Donnerstag, 05.09.1996

Elf Tage Landstraße

Zweiter Tag

Fahrtstreckendaten
Nettofahrzeit 8 Stunden, 18 Minuten, 56 Sekunden
Gesamtstrecke 304,5 km
Höchstgeschwindigkeit 61,1 km/h
Durchschnittsgeschwindigkeit 16,5 km/h
Tagesstrecke 140,93 km

Nach Frankreich...

Zuvor schon zwei-dreimal aufgewacht, schlafe ich bis ca. 7:30 Uhr mitteleuropäischer Sommerzeit und fühle mich gut ausgeschlafen. 8:15 Uhr mitteleuropäischer Sommerzeit: Abfahrt bei der Zierheckenschonung zwischen Schaidt und Vollmersweiler -> zurück nach Schaidt (landwirtschaftlich geprägtes, hübsches Hügelland) -> Kapsweyer (Obstanbaugebiet, Straßenverkauf von Äpfeln, Birnen, Pflaumen, Mirabellen sowie Gemüse und Kartoffeln) -> Schweighofen (Mirabellen gekauft, nach dem Ort neben Weinbergen Frühstück) -> deutsch-französische Grenze -> Wissembourg / Weißenburg.

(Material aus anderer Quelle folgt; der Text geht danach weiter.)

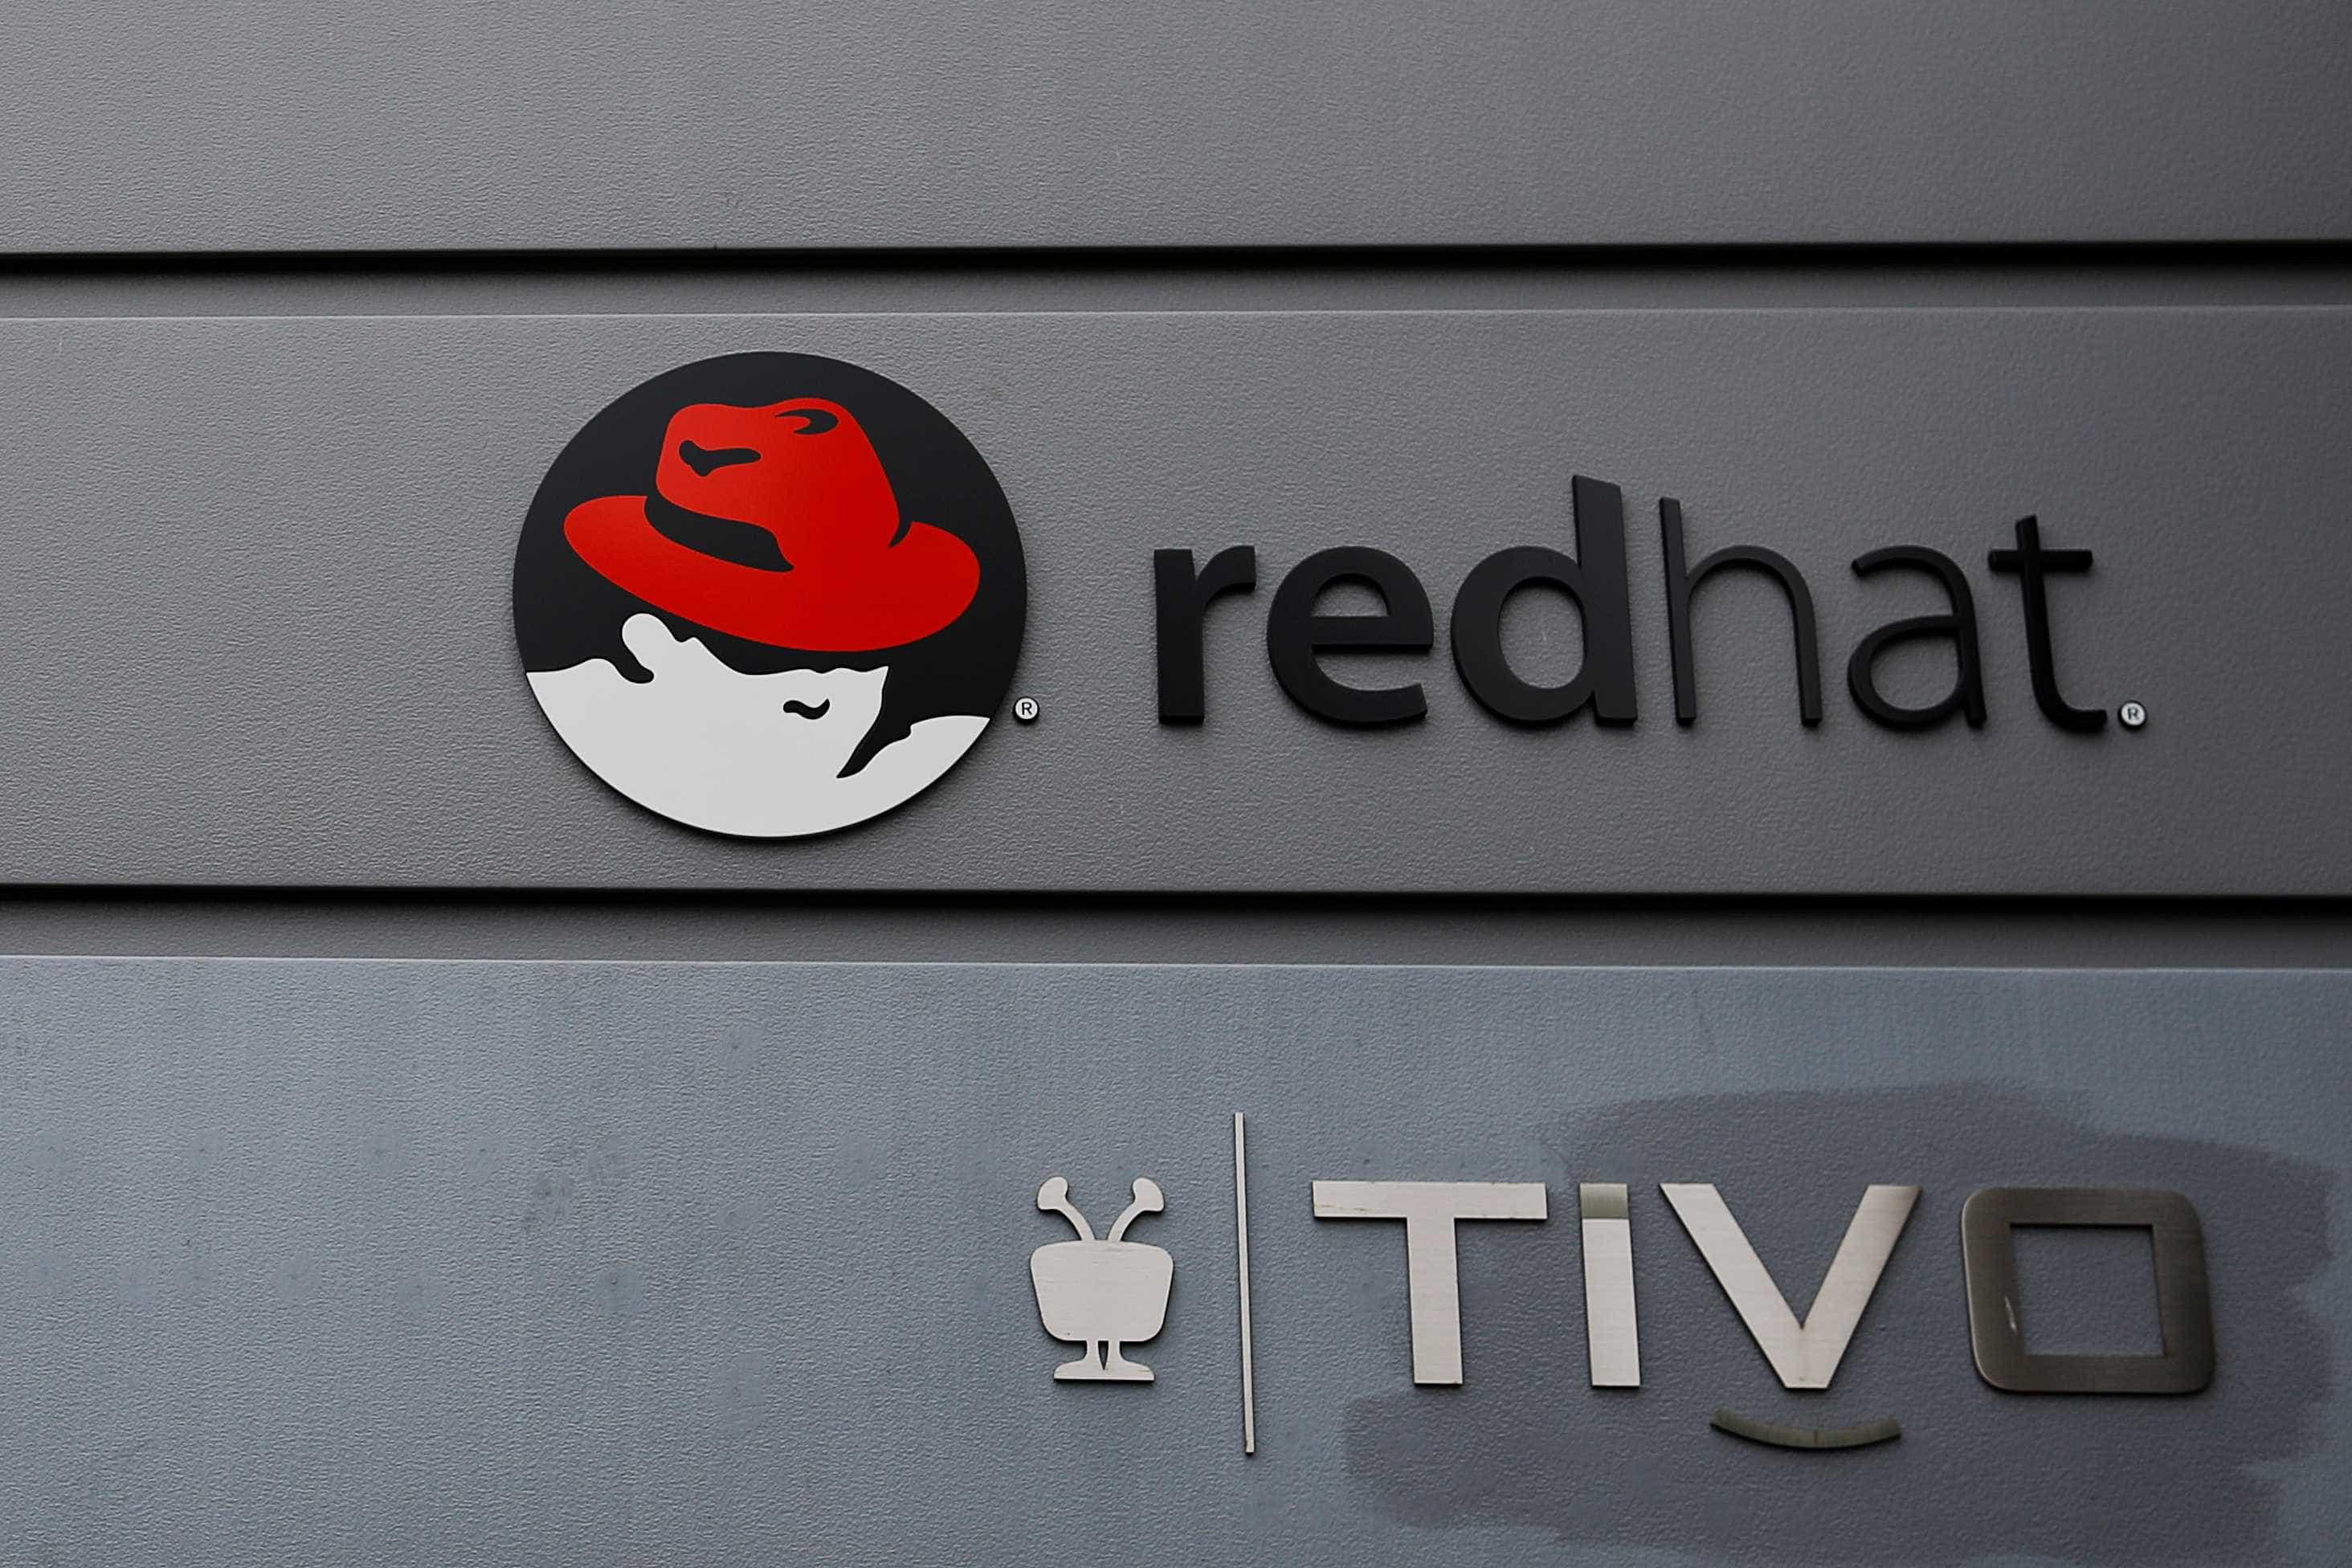 IBM anuncia compra de empresa de software Red Hat por US$ 34 bilhões

In Wissembourg sehe ich mich knapp eine Stunde lang um und überlege, warum man sich in einer Stadt, deren Baustil badisch-pfälzisch geprägt ist, nun doch sofort in Frankreich, zumindest nicht mehr in Deutschland fühlt. Ergebnis: Es ist die etwas weniger prunkvolle und nicht so strenge, gelassenere Ästhetikauffassung in der Innenstadtgestaltung (Umgang mit Straßenpflaster, Gestaltung von Grünanlagen) und besonders: die Gerüche. Metzgerei, Lebensmittelladen und sonstige Geschäfte verbergen ihre Angebote nicht so sehr, ihre Türen sind offen und die Auslagen vor dem Laden reichhaltig. Die gehaltvolle Geruchslandschaft mischt sich unter die zielstrebigen, aber selten hektischen Passanten, deren Sprache natürlich auch eine wichtige Rolle spielt.

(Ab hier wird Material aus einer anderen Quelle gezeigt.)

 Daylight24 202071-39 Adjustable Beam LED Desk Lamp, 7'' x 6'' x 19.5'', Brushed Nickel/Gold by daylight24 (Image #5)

Nach einem gemütlich angegangenen Morgen wird meine Fahrt nun anstrengend. Mit Ebene ist es nach Wissembourg nämlich definitiv vorbei.

Wissembourg (160 m) -> 12:18 Uhr mitteleuropäischer Sommerzeit: Col du Pigeonnier (432 m, liegt unterhalb des "Lurenkopfes" (526 m), leichter bis mittlerer Gegenwind, SCHWITZ!!, danach mit 61.1 km/h bergab) -> Climbach -> Lembach -> Niedersteinbach.

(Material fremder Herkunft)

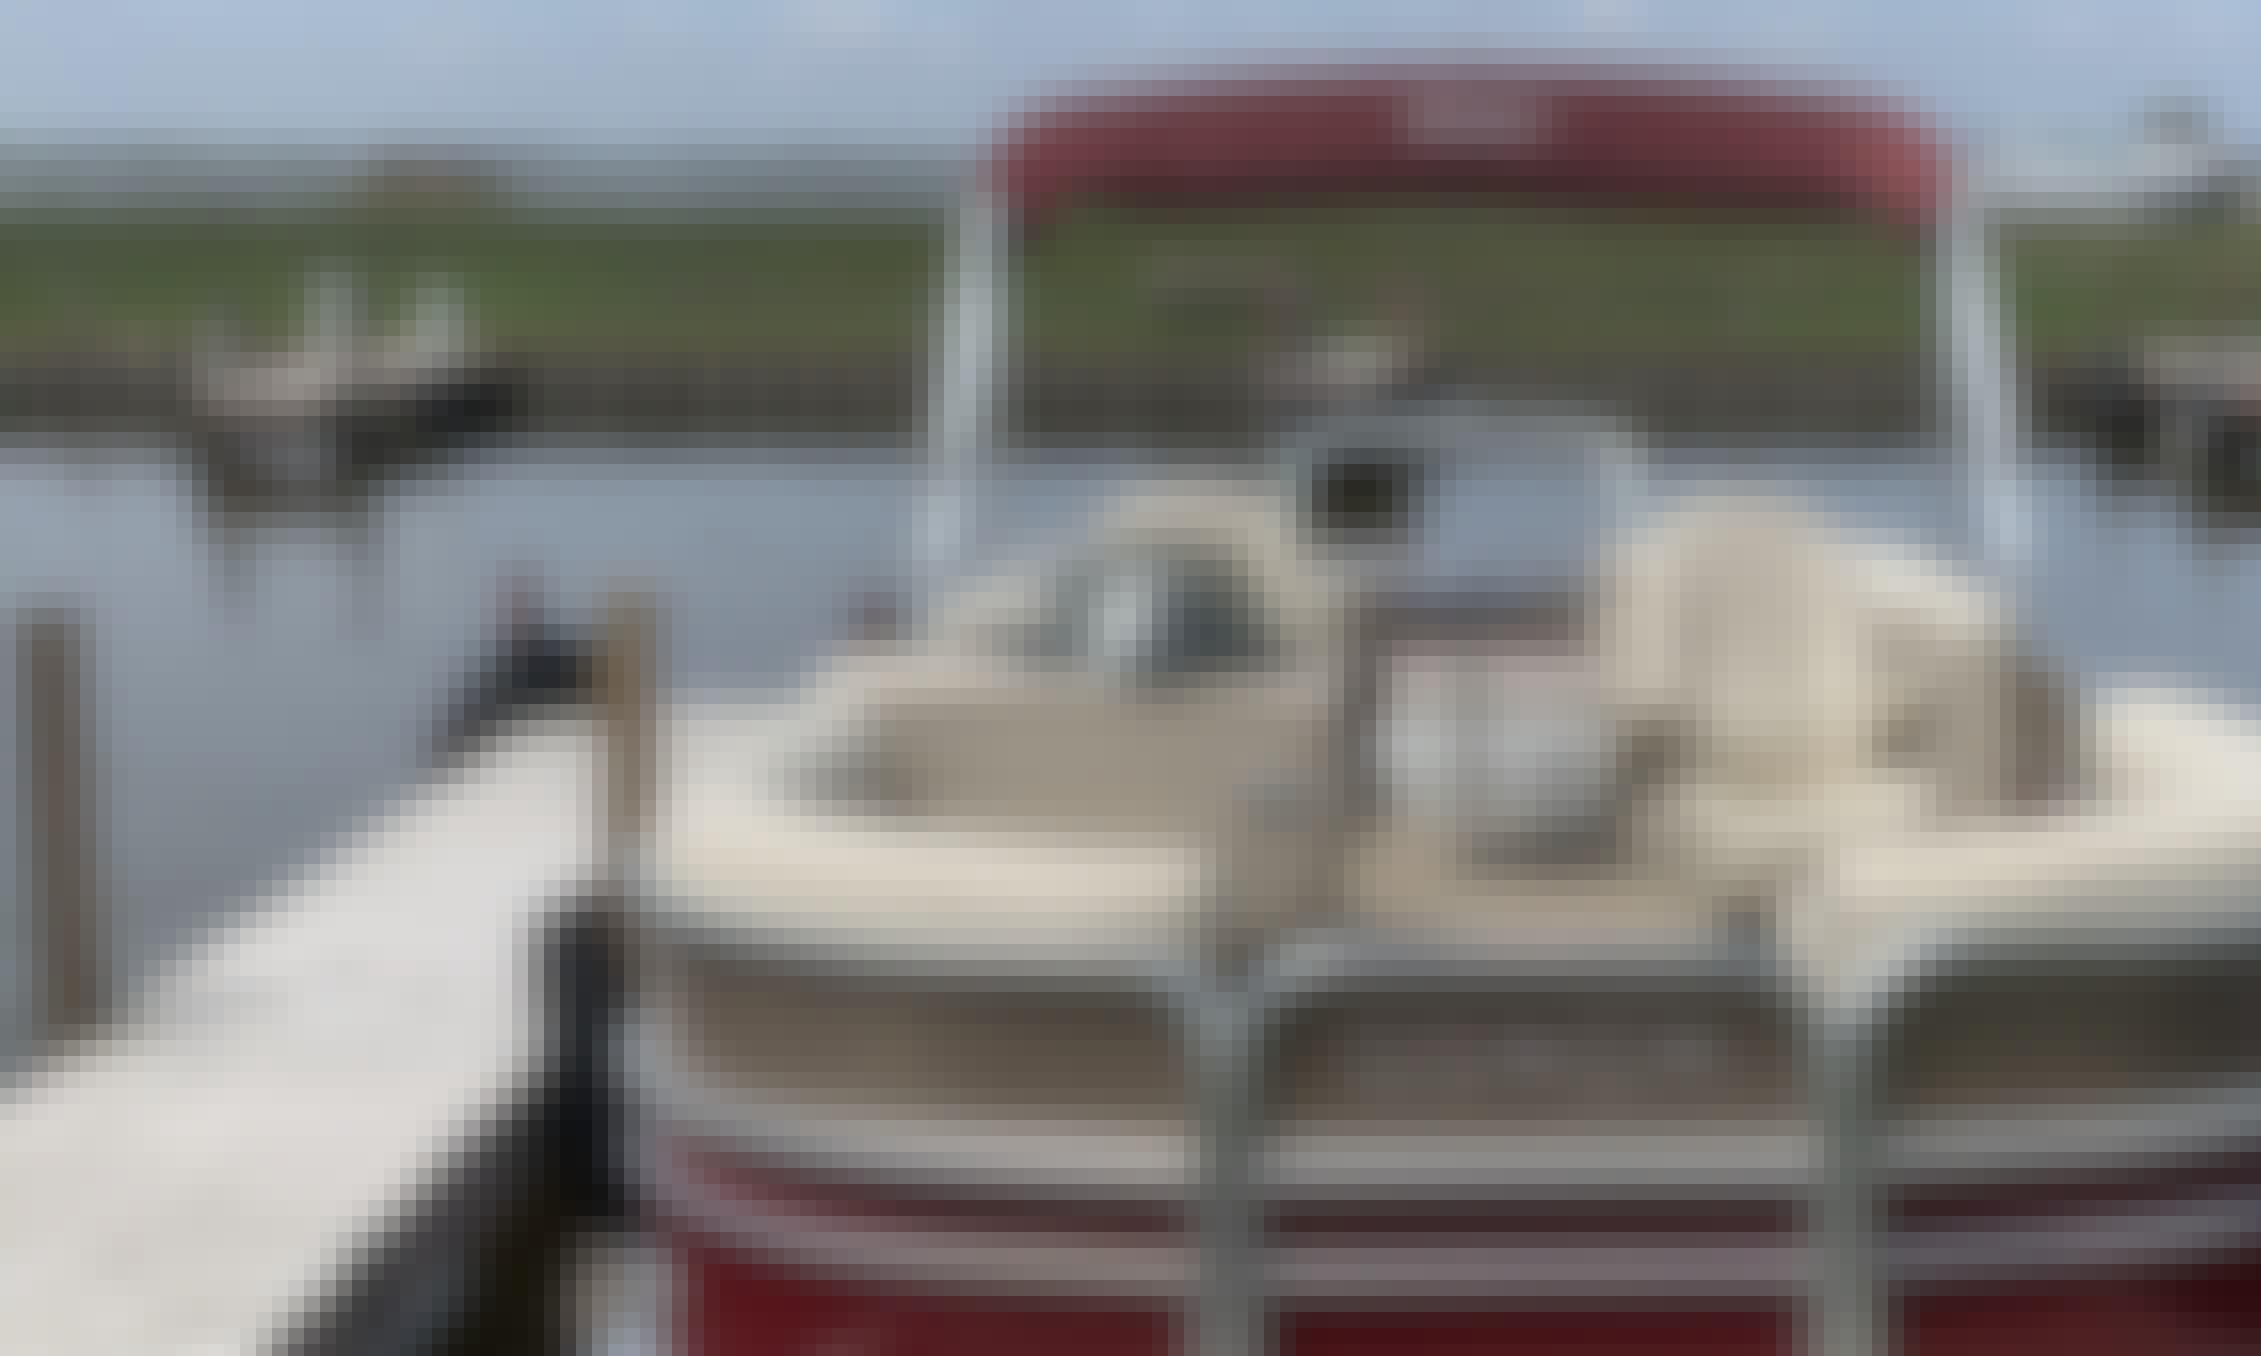 2018 Coach RF23 Pontoon!! Chain of the Lakes cruising!

Diese miesen Anhänger-Achsen!

Nachdem mein Anhänger nicht aufhören will, seltsame Knackgeräusche von sich zu geben, stelle ich vor Niedersteinbach fest, dass dessen Achsen von so überragend schlechter Qualität sind, dass sie sich biegen und die Kugeln quetschen. Sicher, sie haben hohe "Impulslasten" zu tragen, da man teils nur mit dem Fahrrad, nicht aber mit dem Anhänger Schlaglöchern ausweichen kann. Da es sich aber um normale Fahrrad-Vorderachsen handelt - ein Einsatzgebiet, in dem wesentlich stärkere Lasten auftreten - müssten sie den Anhänger mit Leichtigkeit tragen. Mit so was habe ich nicht gerechnet, ich habe die Achskonenschlüssel nach längerer Überlegung gestern Morgen daheim gelassen. Aber ich habe - einen Hammer! Fasziniert und höhnisch zugleich sehe ich, wie sich so eine Achse - nur durch gezielte Schläge auf das äußere, kurze Stummelende - im Nabenkörper wieder geradeschlagen lässt, mögen die Hebelgesetze dem auch noch so sehr widersprechen. Diese Achsen sind tatsächlich so weich, dass man, überspitzt gesagt, wohl einen Knoten reinmachen könnte, ohne dass sie brechen! Das dürfte jedoch ihr einziger Vorteil sein... Gut, ich halte sie ab jetzt mit dieser Brachialmethode so weit in Schuss, dass sie bis Bangor durchhalten.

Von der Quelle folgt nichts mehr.